AI enables greater access to software development and other knowledge-based activities. For $20/month or less you can access tools to speed up work, and work more easily in adjacent areas (and even sometimes non-adjacent: Claude helped me to fix my bathroom plumbing between coding sessions earlier this week).

However, this accessibility has limits in comparison to what we saw recently with OpenAI’s 88-hour sprint on their potential solution to the Navier-Stokes problem. This raises new questions: what are the consequences of the emerging capability gap between the AI labs and the rest of us in our ability to solve problems like this quickly, and what does that mean for the researchers to whom they are also suppliers?

It’s not that OpenAI or the big labs have a monopoly on solving maths problems with AI. Resolution of Erdős Problem #728: a writeup of Aristotle’s Lean proof and Primitive sets and von Mangoldt chains: Erdős Problem #1196 and beyond are both examples of public models being used to make leaps, and there are many more. The thing that’s unique here is the timescale the work was done on (88 hours), and the complexity of the problem targeted (this problem was one of seven Millennium Prize problems, specifically selected difficult, open problems).

We should recognise the independent progress on a precursor problem by two researchers – one of whom was an Anthropic employee – over a longer time frame. The impact of that progress on OpenAI’s own work is disputed. Assuming OpenAI’s work turns out to be valid, this was an impressive demonstration of their competitive edge.

For example, on the investment required: OpenAI consumed 130 billion output tokens in 88 hours to produce their proposed solution for Navier-Stokes. For an outsider, the output tokens alone would have cost ~$6.5MM at GPT-6 Astra API prices (some others claim a higher total cost). That outsider would also need the infrastructure and rate-limits to consume that many tokens in the time window. Neither the funding nor limits are typically available to researchers. Larger research programs can run into millions of dollars but these are spent on funding a program and its staff for years, not on a sprint of AI inference.

Of course, OpenAI didn’t pay retail API prices. They already had their own GPUs, infrastructure, and model. A scientist from the University of Michigan estimated their marginal cost for this work at “about $1 million in inference compute”. Further, the analysis was produced by scientists experienced with large-scale AI use and who had access to more capable unreleased models, infrastructure such as “a cached version of the Internet”, and a harness capable of orchestrating 10,000 agents.

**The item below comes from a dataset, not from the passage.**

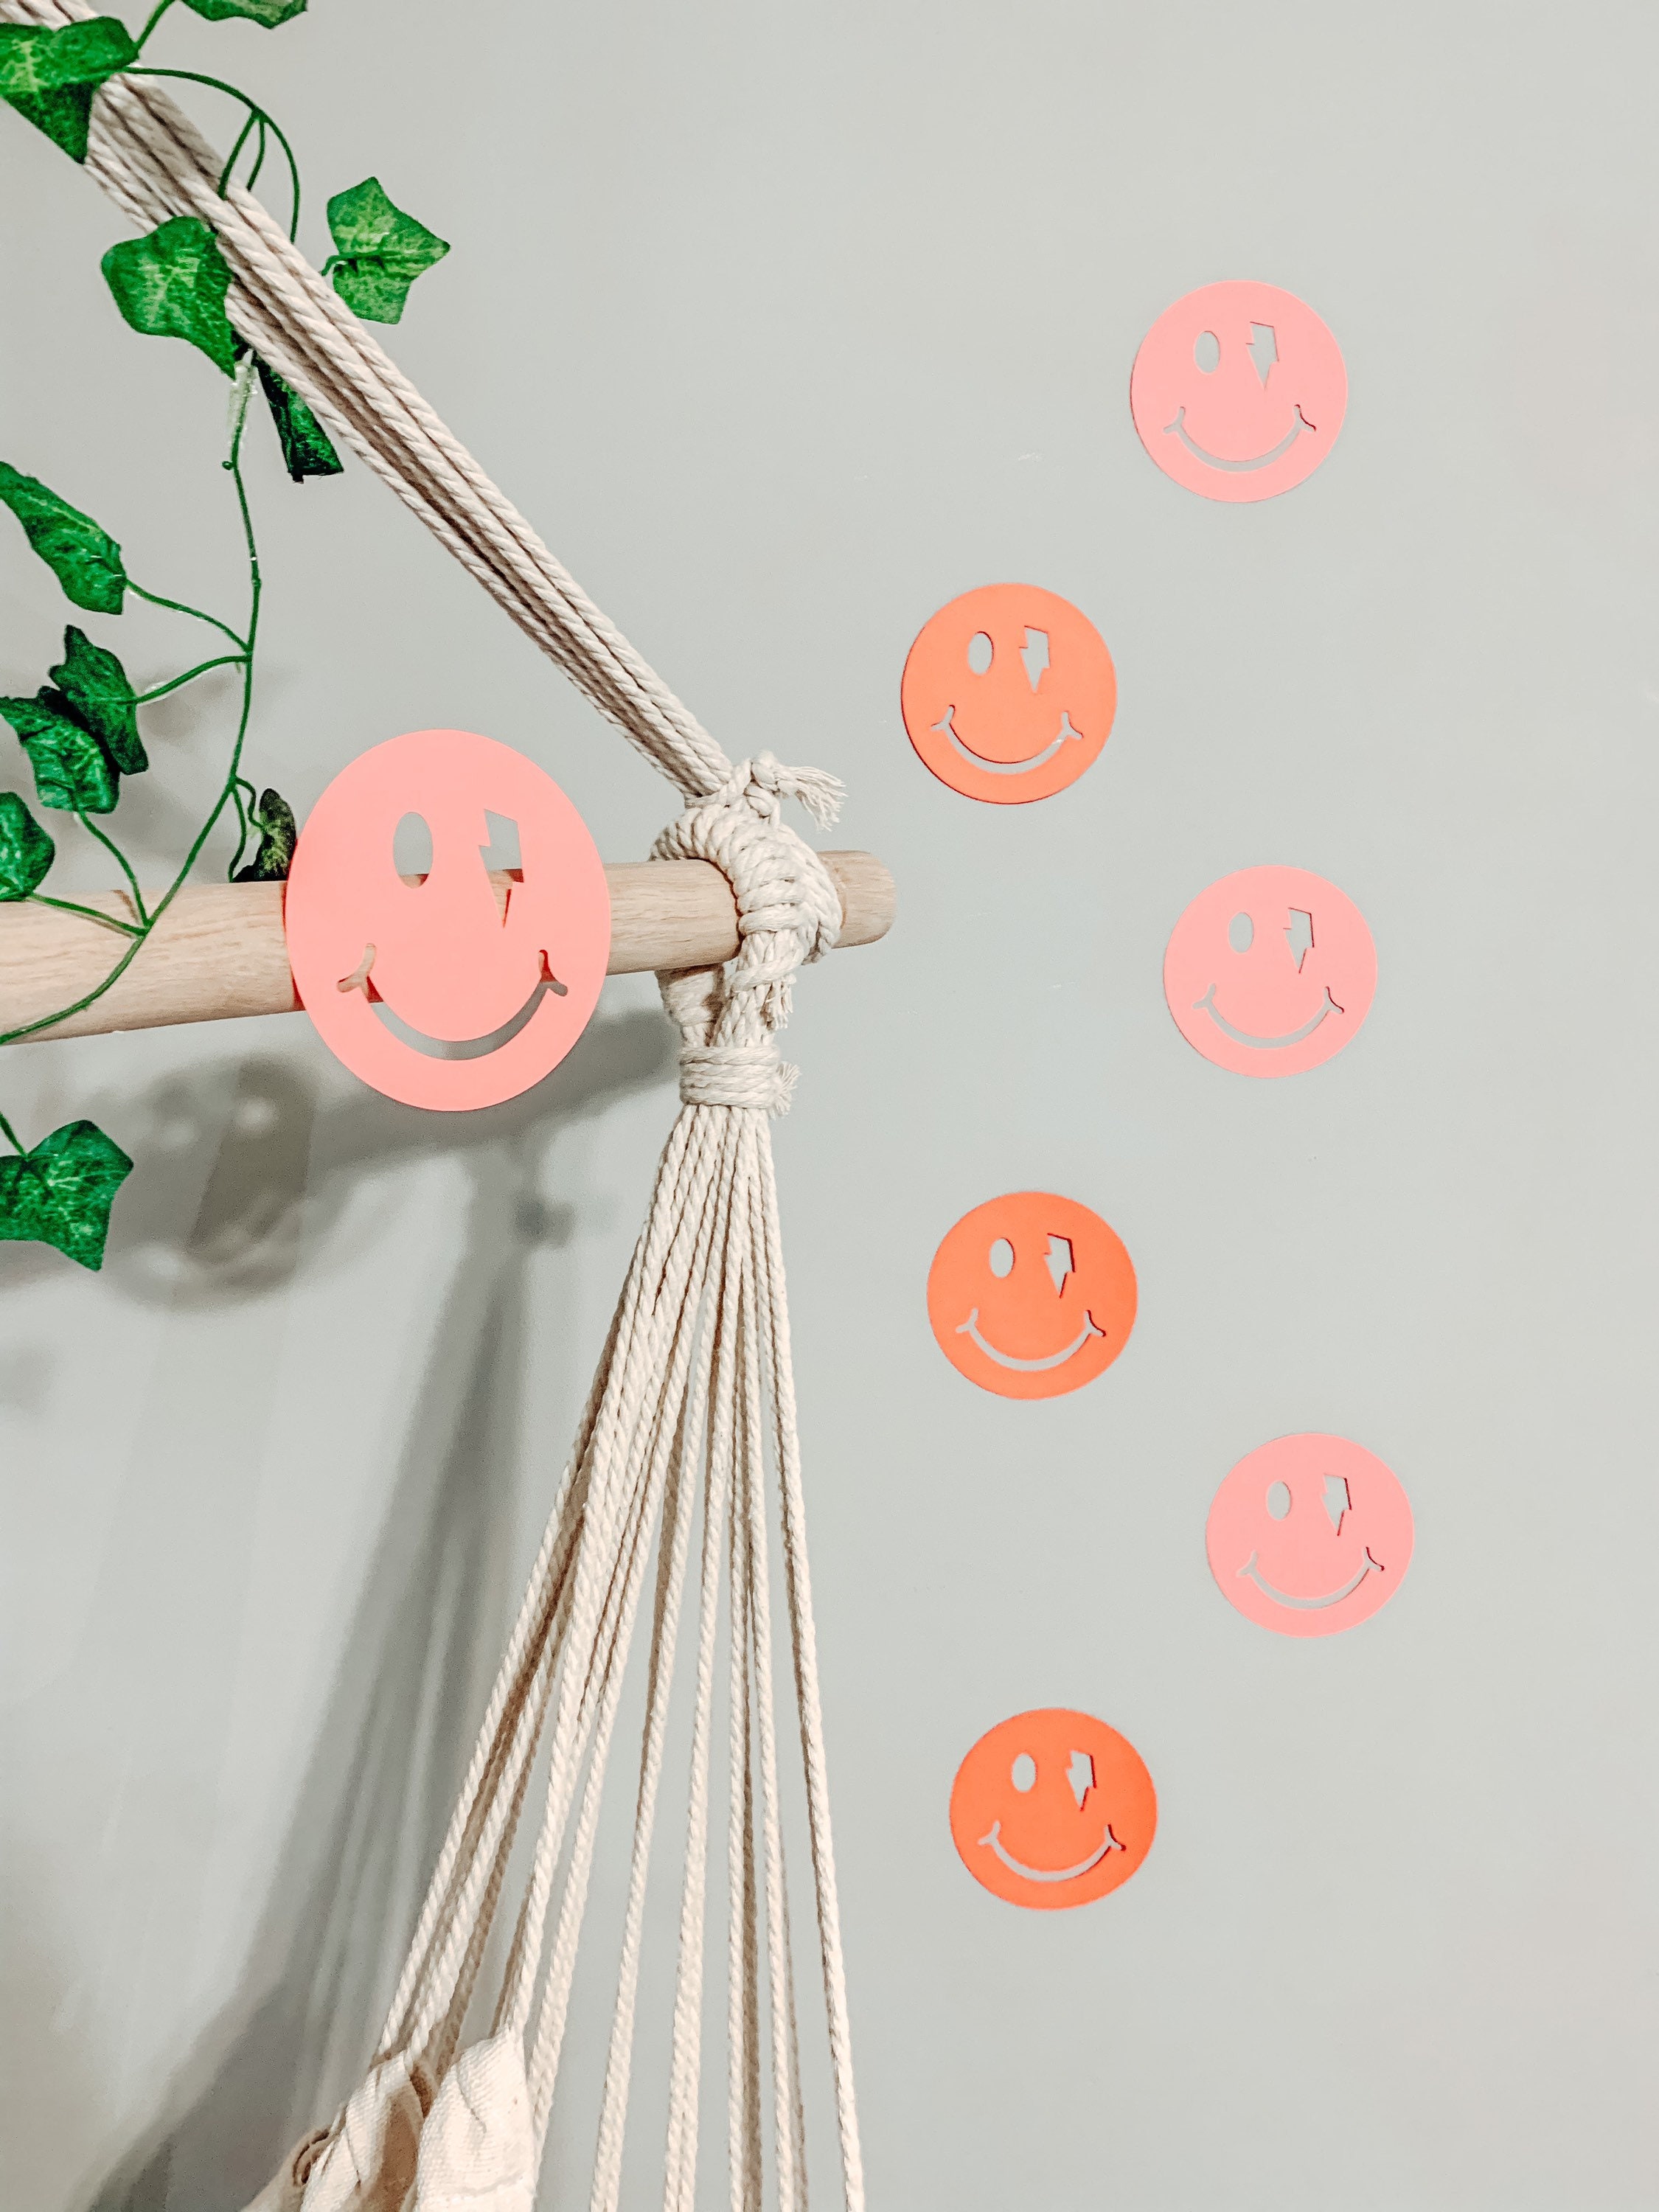 Pink Smiley Face Preppy Room Decor Aesthetic/ Wall / Wallpaper
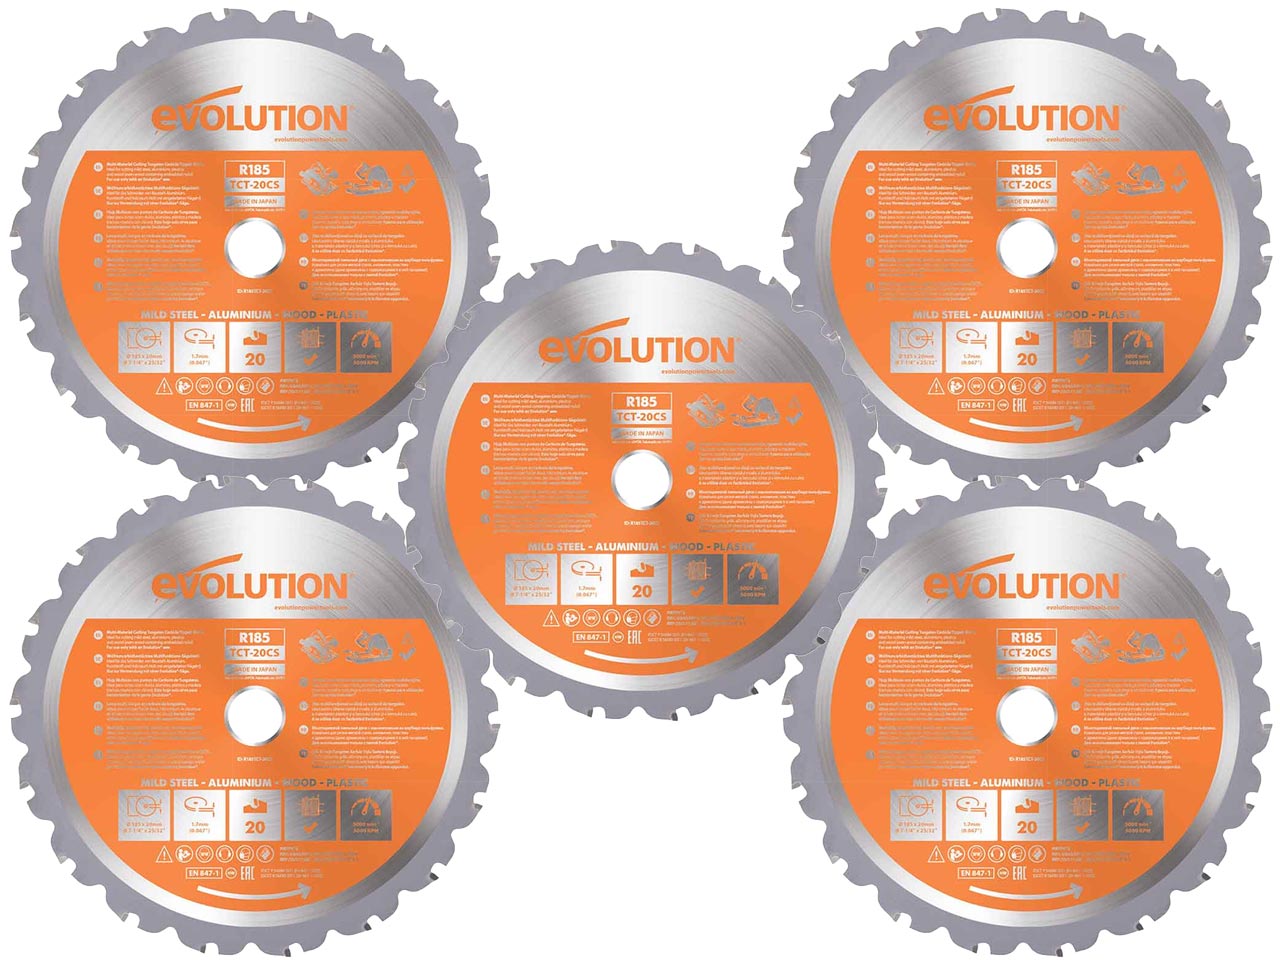 Evolution Power Tools R185TCT-20MS 185 mm Multi Material Mitre Saw Blade  (AKA TCT Saw Blade, Metal Cutting Blade, Wood Blade) - Carbide Tipped Blade  Cuts Wood, Metal and Plastic

Whilst it’s true that significant capital is already necessary in many disciplines (particle accelerators are hardly cheap), use of AI is a new need applying in disciplines where such investment was previously unexpected. Even as inference costs decrease over time and today’s unreleased models become public, the frontier will move forwards. As the creator of newer models and infrastructure, the labs obviously have early access. When demonstrating the superiority of these models they may find themselves disrupting or competing in fields beyond AI, with a unique advantage.

But how does this extend beyond maths? As a demonstration of the model’s power this work is compelling, but we should be careful what to infer from it. Maths proofs are verifiable within a closed system. Solutions to many problems in business and life cannot be verified with certainty before acting, which means 10,000 agents cannot be autonomously applied to them without questions of judgement and responsibility. Missiles cannot be unfired if targets were misidentified, and investment decisions cannot be undone if they lead to ruin. So whilst labs can still have an advantage, there’s a harder question about how to apply it in these other domains and therefore the gap is not as easy to take advantage of.

Still, this work illustrates the scale of the emerging capability gap in research. And, at some scale, it will spread to other fields over time if the market’s expectation of AI is real. In that future, more work needs to move beyond the modality of “chat assistant with maybe 5-10 agents” scientists and engineers outside the labs are familiar with today and towards broader automation, though this is still a work in progress.

So what can we do in the meantime? Making progress is worthwhile, even if we can’t individually close the gap fully. Experimenting with technologies and sharing learnings across your organisation can build expertise, e.g. a recent paper from Woodruff et al (2026) describes a number of general techniques along with examples of their use in solving real problems in research. Commercially-available tooling and open-weight models are also improving all the time, which might shift the economics of large-scale AI use. But gaps still persist, e.g. as an evaluation of Kimi K3 shows, in the security domain.

This doesn’t structurally alter the incentives of labs to continue disrupting other fields in the way that happened here. If competitive research continues trending towards requiring frontier-level AI capability, then access to frontier models and infrastructure at scale becomes a prerequisite, and access is largely controlled by a few large corporations today. Researchers are also grappling with the purpose this kind of demonstration serves, opening conversations like the open letter by a group of Fields Medalists arguing that creating understanding is as much an outcome as the solutions themselves.

Assuming the OpenAI proposed solution is valid, what structural change will take us from labs using AI to make breakthroughs in other fields, to that capability living within the fields themselves and, eventually, true democratisation of the technology?